In the step s 120, each first object data characteristics is merged to obtain multiple second target datas spies
Sign.Wherein, with reference to shown in figure 4, fusion is carried out to first object data characteristics can include step S1202- steps S1206.Its
In:
In step S1202, multiple characteristic indexs are built.
In this example embodiment, features described above index can with average, median, upper quartile, standard deviation and
It is multiple in maximum;Other characteristic indexs can also be included, such as can be first quartile etc., this example to this not
Do specifically limited.Wherein:
Average:Average can represent the amount number of trend in a group data set, refer to all data sums in one group of data
Again divided by this group of data number;Median:, can be by being looked for after all observed values height is sorted for limited data set
Go out middle one is used as median;Upper quartile:Upper quartile refers to count descriptive analysis method by quartile
When describing data, the dispersion degree of skewness data, i.e., total data is arranged from small to large, be directly aligned in down on 1/4 position
Number be just called lower quartile and be also referred to as first quartile (according to % ratios, that is, the number on 75% position), come
Number on 1/4 position just calls quartile and is also referred to as the 3rd quartile (according to % ratios, that is, the number on 25% position);
Standard deviation:Standard deviation is the square root of the arithmetic average of deviation from average square, and it is the arithmetic square root of variance;Further,
Standard deviation can reflect the dispersion degree of a data set.

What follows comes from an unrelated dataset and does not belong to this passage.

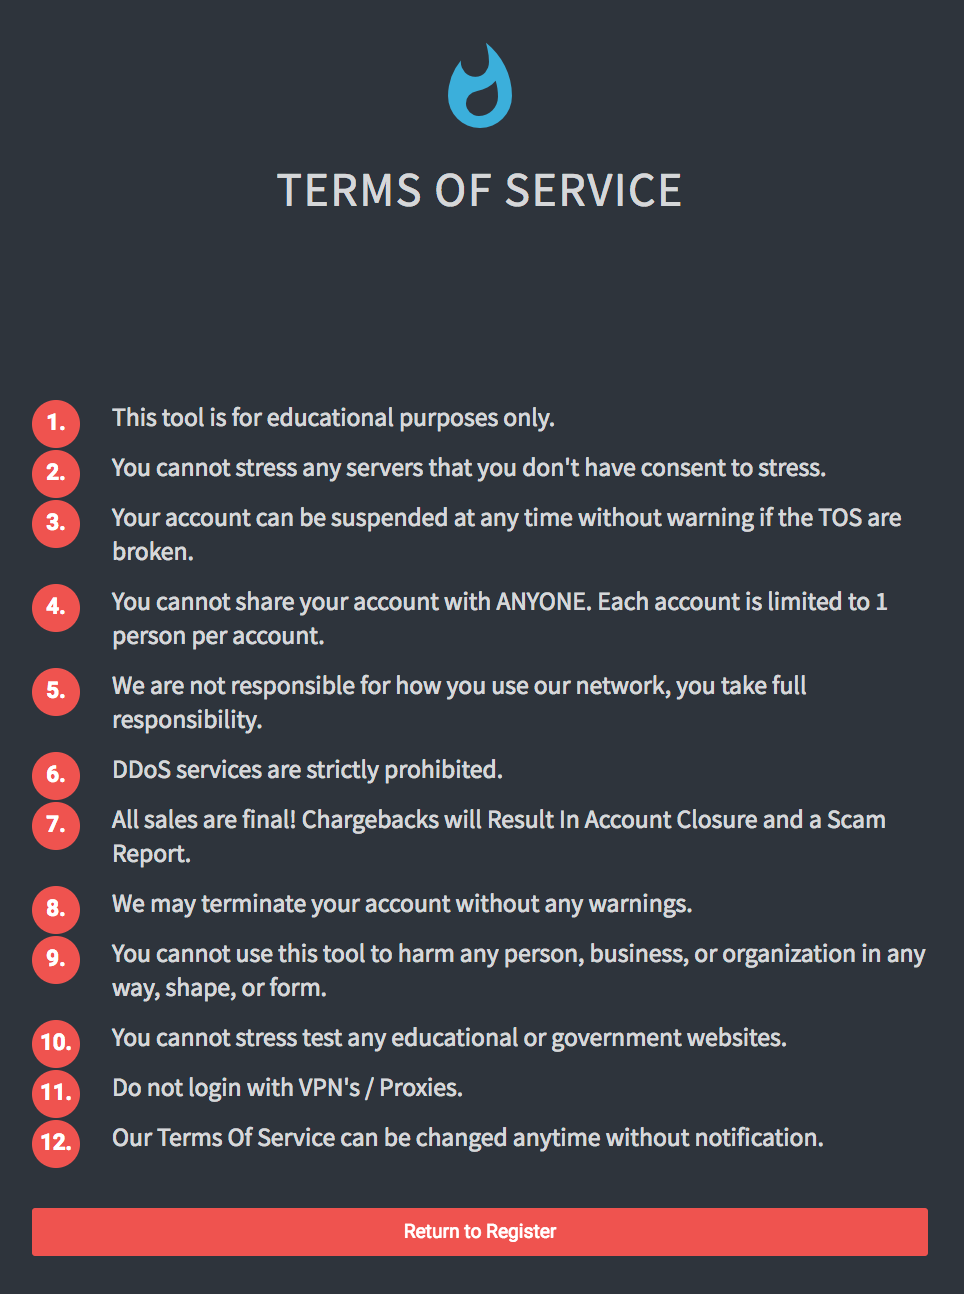 Terms of service for Defcon.pro

In step S1204, each characteristic index of each first object data characteristics is calculated.For example:
Calculate all users nearly 5 days plus the average of purchase sku quantity, whole station user add the middle position for purchasing sku quantity in nearly 5 days
Number, the upper quartile of nearly 5 days of whole station user plus purchase sku quantity, the standard deviation of nearly 5 days of whole station user plus purchase sku quantity and
The nearly 5 days maximums for adding purchase sku quantity of whole station user.Requiring supplementation with explanation herein is, in this example embodiment, with original number
, can also be by taking other subcharacters as an example, herein no longer according to being illustrated exemplified by feature plus purchase feature plus purchase sku subcharacters
Repeat.
In step S1206, each characteristic index of each first object data characteristics is merged to obtain more
The individual second target data feature.Specifically:
After above-mentioned calculating is completed, carry out that the fusion for carrying out characteristic index is calculated as below:
A, whole users add the average of purchase sku quantity-nearly 5 days of whole users plus purchase sku quantity for nearly 5 days;
B, whole users add the median of purchase sku quantity-nearly 5 days of whole users plus purchase sku quantity for nearly 5 days;
C, whole users add the upper quartile of purchase sku quantity-nearly 5 days of whole users plus purchase sku quantity for nearly 5 days;
D, (whole users add for nearly 5 days purchases sku quantity-standard deviation of nearly 5 days of whole users plus purchase sku quantity)/all use
The nearly 5 days averages for adding purchase sku quantity in family;
Whole users are added to the maximum of purchase sku quantity/nearly 5 days of whole users plus purchase sku quantity for nearly 5 days E,;
After features described above index merges, A-E result of calculation is as the second target data feature, by second number of targets
Input into GBDT (Gradient Boosting Decision Tree, gradient lifting decision tree) algorithm and instructed according to feature
Practice;By training result compared with the training result of initial data feature can with learn, the second target data feature obtains
Training result there is more preferable accuracy than the training result of initial data feature, and greatly avoid the sparse of feature
Property.
This example embodiment additionally provides a kind of data characteristics constructing apparatus.With reference to shown in figure 5, data characteristics construction
Device can include data characteristics cleaning module 510 and data characteristics Fusion Module 520.Wherein:
Data characteristics cleaning module 510 can be used for obtaining multiple initial data features and to each initial data feature
Cleaned to obtain multiple first object data characteristicses.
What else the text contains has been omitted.